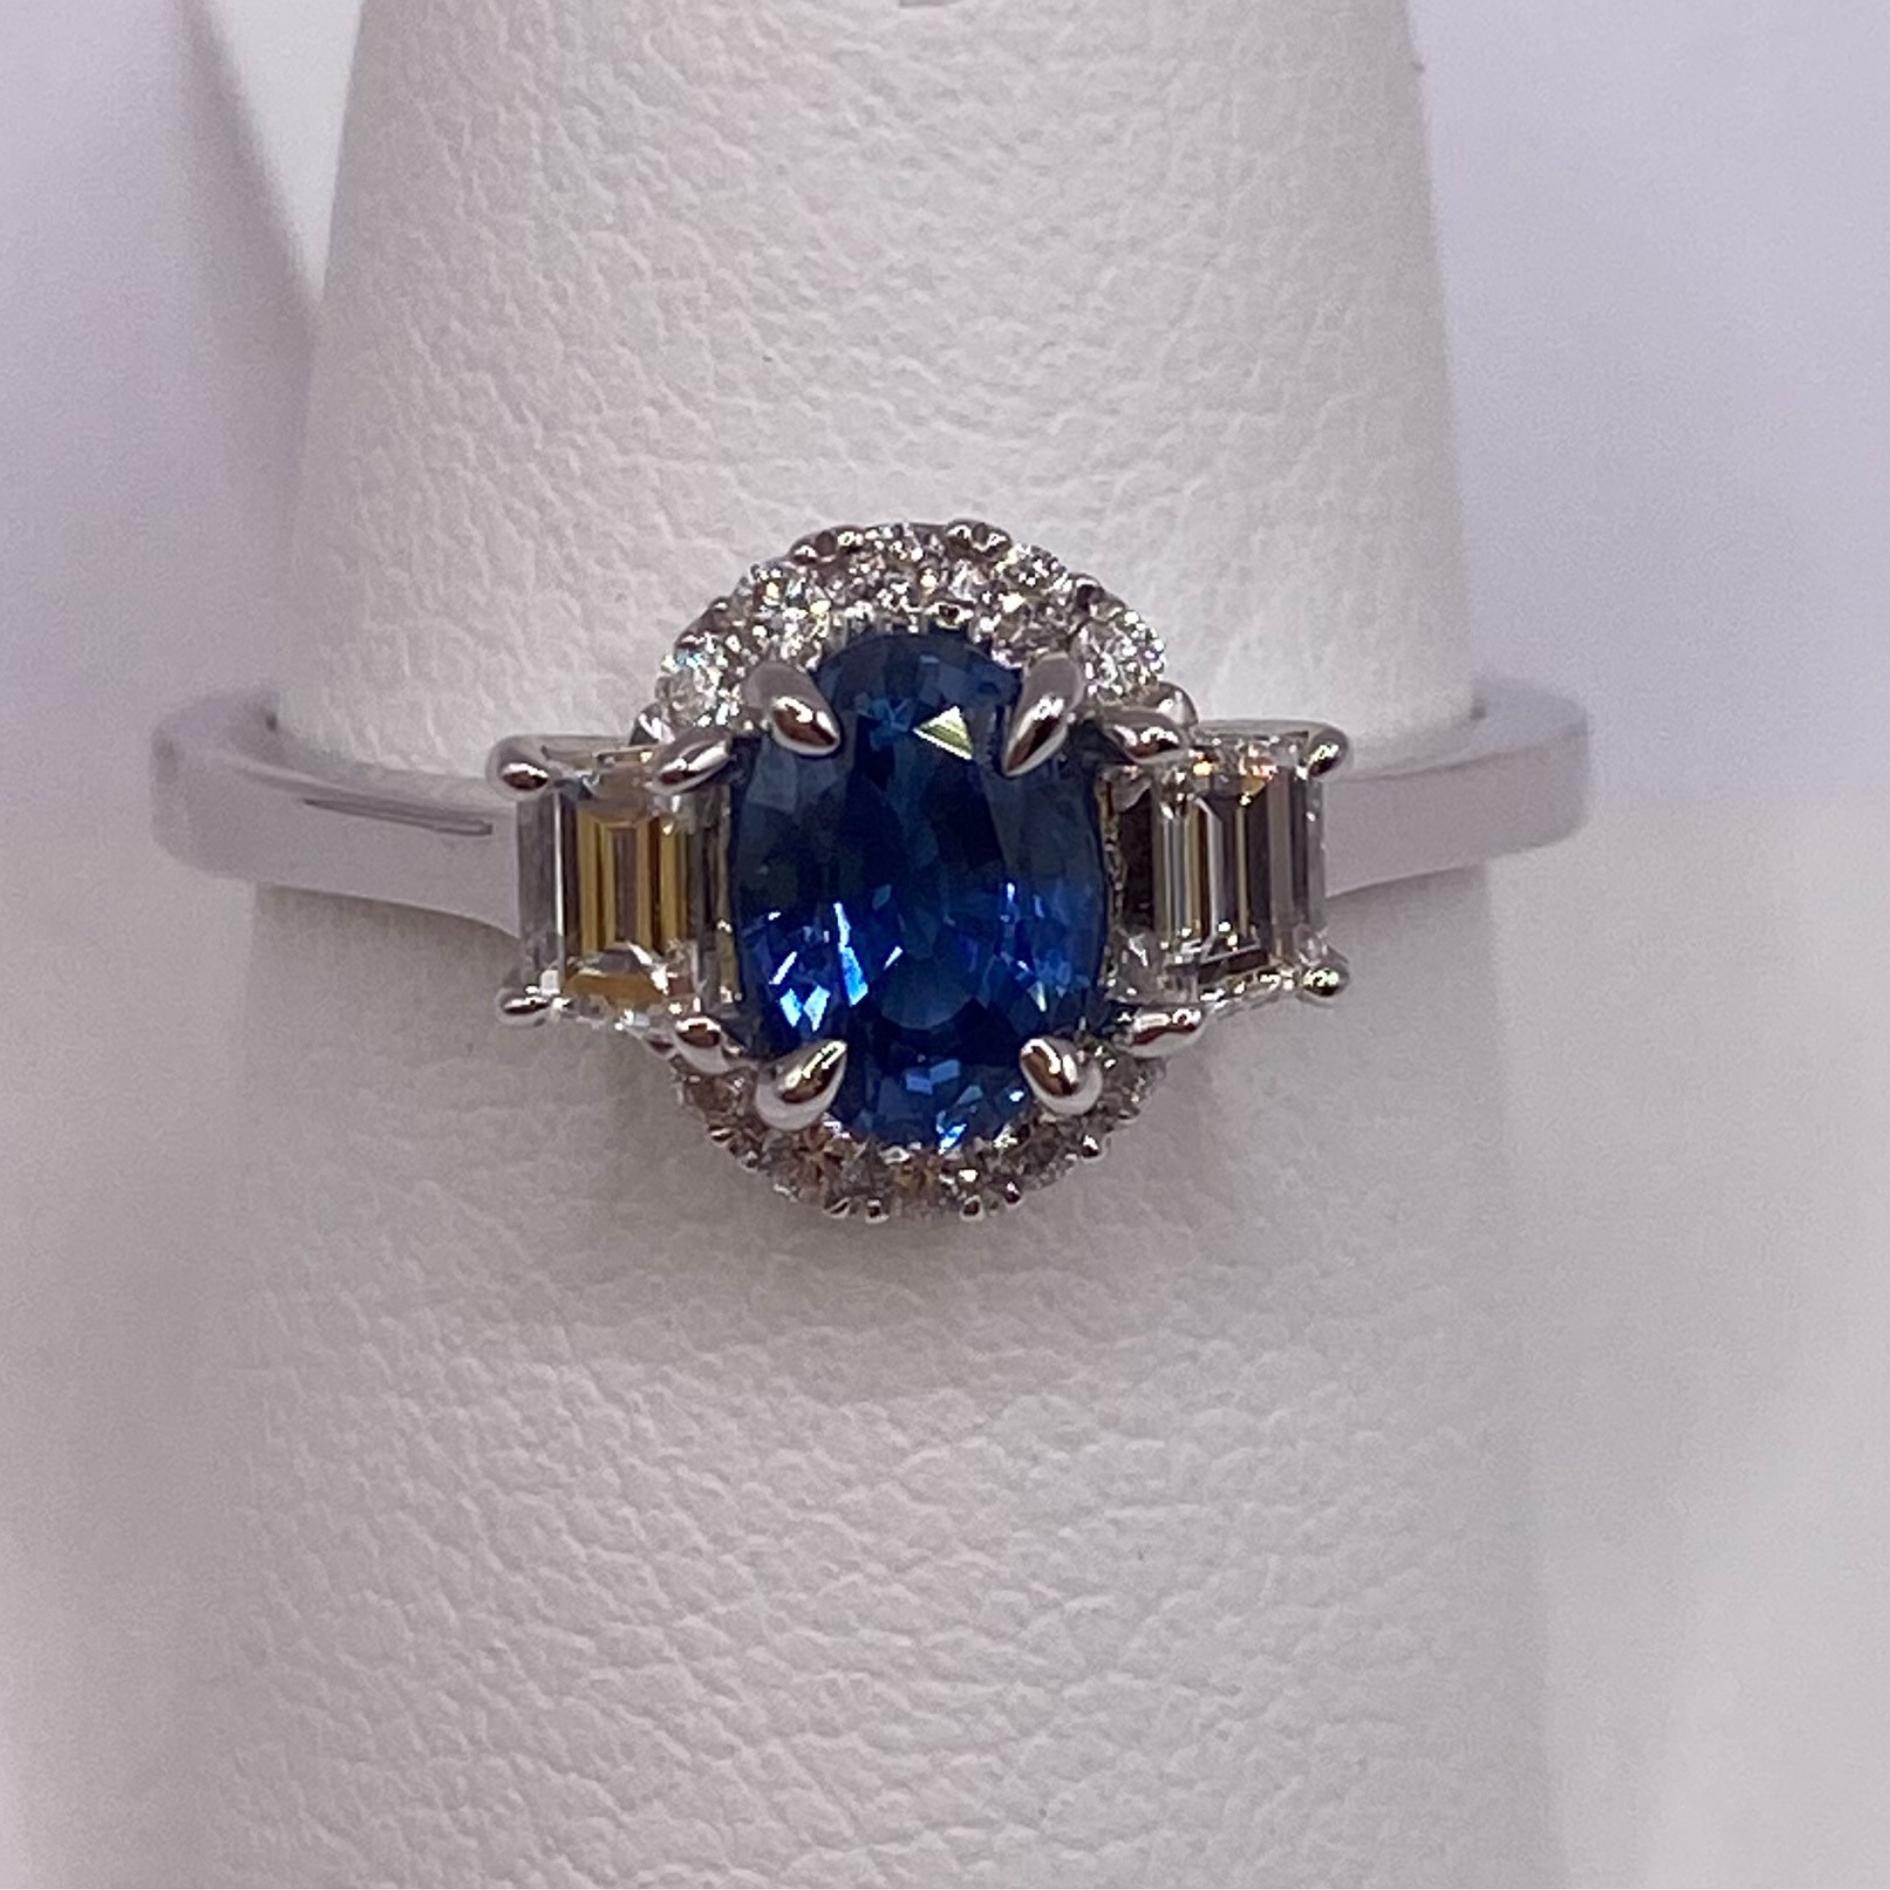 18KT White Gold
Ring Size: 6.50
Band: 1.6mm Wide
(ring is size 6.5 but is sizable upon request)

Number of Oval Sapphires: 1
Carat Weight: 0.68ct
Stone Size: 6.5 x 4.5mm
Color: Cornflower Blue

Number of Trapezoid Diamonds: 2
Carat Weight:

++++

Your copy should match the entries above exactly and contain no pictures.

 18KT White Gold
Ring Size: 6.50
Band: 1.6mm Wide
(ring is size 6.5 but is sizable upon request)

Number of Oval Sapphires: 1
Carat Weight: 0.68ct
Stone Size: 6.5 x 4.5mm
Color: Cornflower Blue

Number of Trapezoid Diamonds: 2
Carat Weight:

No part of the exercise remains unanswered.